有机合成吸油材料中的气凝胶是一种具有纳米级超细颗粒相互聚集构成的纳米级网络结构,并在网络结构中充满空气的轻质、多孔、非晶态的固态材料。气凝胶的颗粒尺寸介于1nm~100nm 之间,孔隙率高达99%,密度为0.03g/m3~0.80g/m3。气凝胶独特的纳米网络结构,使其在吸附方面具有广阔的应用前景。
现有技术中,以间苯二酚和甲醛为原料,在催化剂和表面活性剂的作用下,经溶胶-凝胶、溶剂置换、超临界干燥、炭化等过程合成了碳气凝胶。实验结果表明:该碳气凝胶吸油率较低。
发明内容
本发明的目的在于提供一种具有高效吸油性能的石墨烯/碳纳米管复合气凝胶的制备方法,工艺简单,具有良好的弹性、高比面积和孔隙率,良好的吸附性和机械强度。

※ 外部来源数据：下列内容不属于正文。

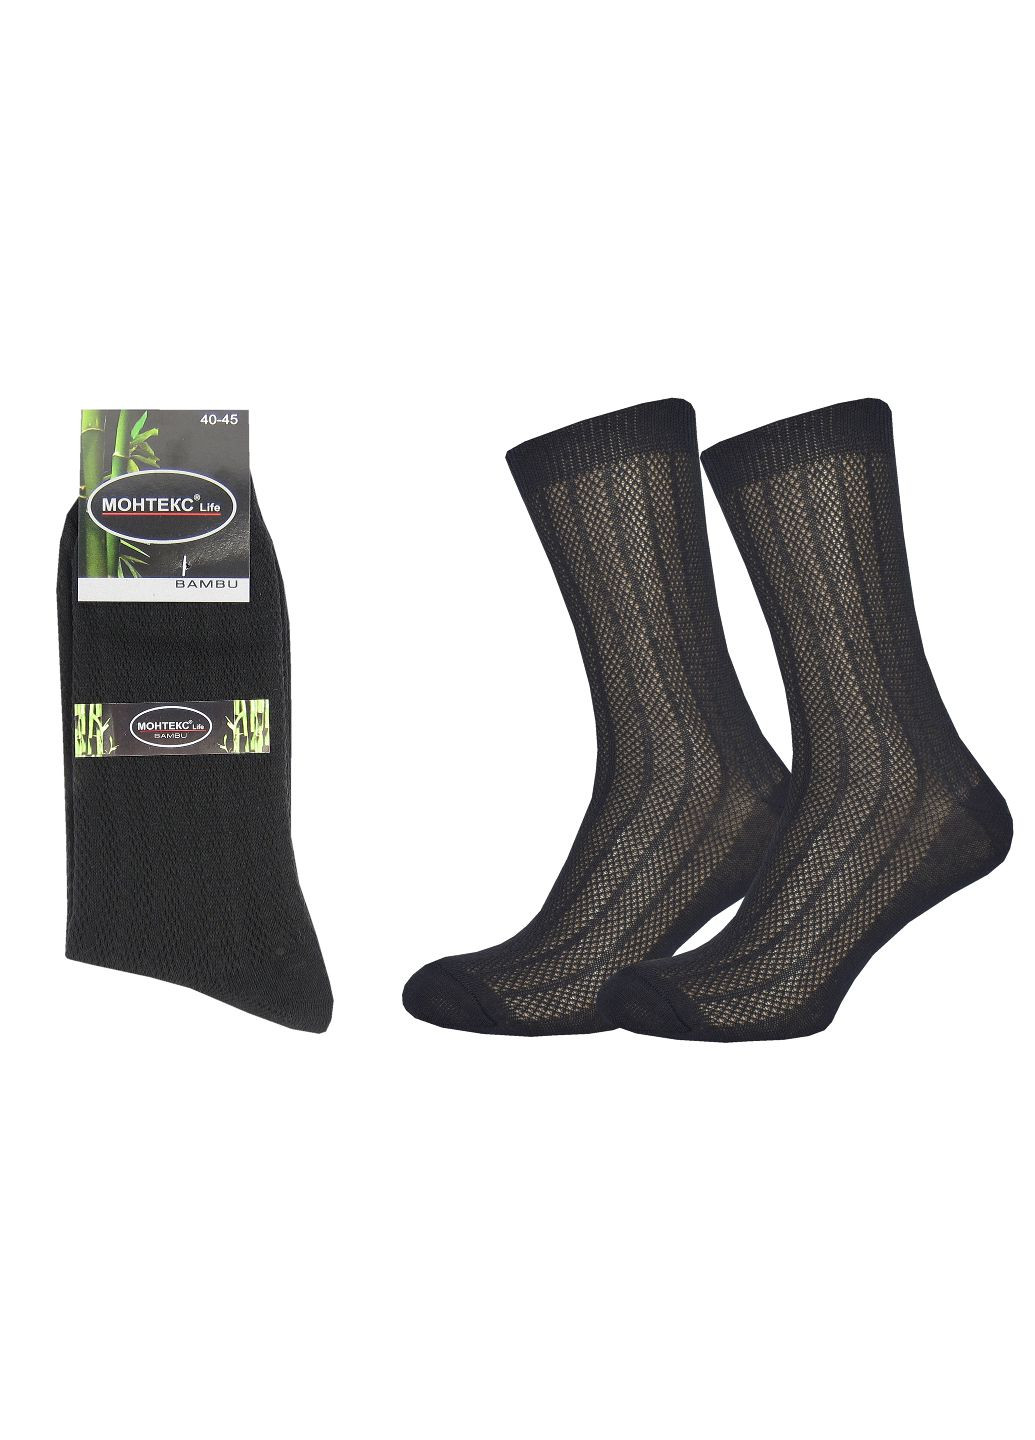 Летние мужские носки с сеткой (12 пар) Монтекс однотонные чёрные повседневные

本发明提供了一种具有高效吸油性能的石墨烯/碳纳米管复合气凝胶的制备方法,
(1)将氧化石墨烯超声分散在去离子水中,得到氧化石墨烯分散液,超声1h;
(2)将碳纳米管加入到氧化石墨烯分散液中,超声分散, 氧化石墨烯/碳纳米管混合分散液;
(3)向步骤(2)中得到的氧化石墨烯/碳纳米管混合分散液加入聚乙烯吡咯烷酮、聚乙烯醇、乙二胺,搅拌均匀后置于水热釜中120℃反应12h得到石墨烯/碳纳米管产物;
(4)将石墨烯/碳纳米管产物置于去离子水透析后进浸泡于乙醇溶液中8h,取出后冷冻干燥48h, 即得到具有高效吸油性能的石墨烯/碳纳米管气凝胶;
进一步,所述的一种具有高效吸油性能的石墨烯/碳纳米管复合气凝胶的制备方法,所述步骤1中氧化石墨烯为Hummers方法制备的氧化石墨烯,氧化石墨烯分散液的浓度为2-10mg/ml。
进一步,所述的一种具有高效吸油性能的石墨烯/碳纳米管复合气凝胶的制备方法,所述步骤(2)中碳纳米管与氧化石墨烯分散液的质量比为2-8:1-3。
进一步,所述的一种具有高效吸油性能的石墨烯/碳纳米管复合气凝胶的制备方法,所述步骤(3)中氧化石墨烯/碳纳米管混合分散液与聚乙烯醇与聚乙烯吡咯烷酮与乙二胺的质量比为3-10:1-4:2-4:1-3。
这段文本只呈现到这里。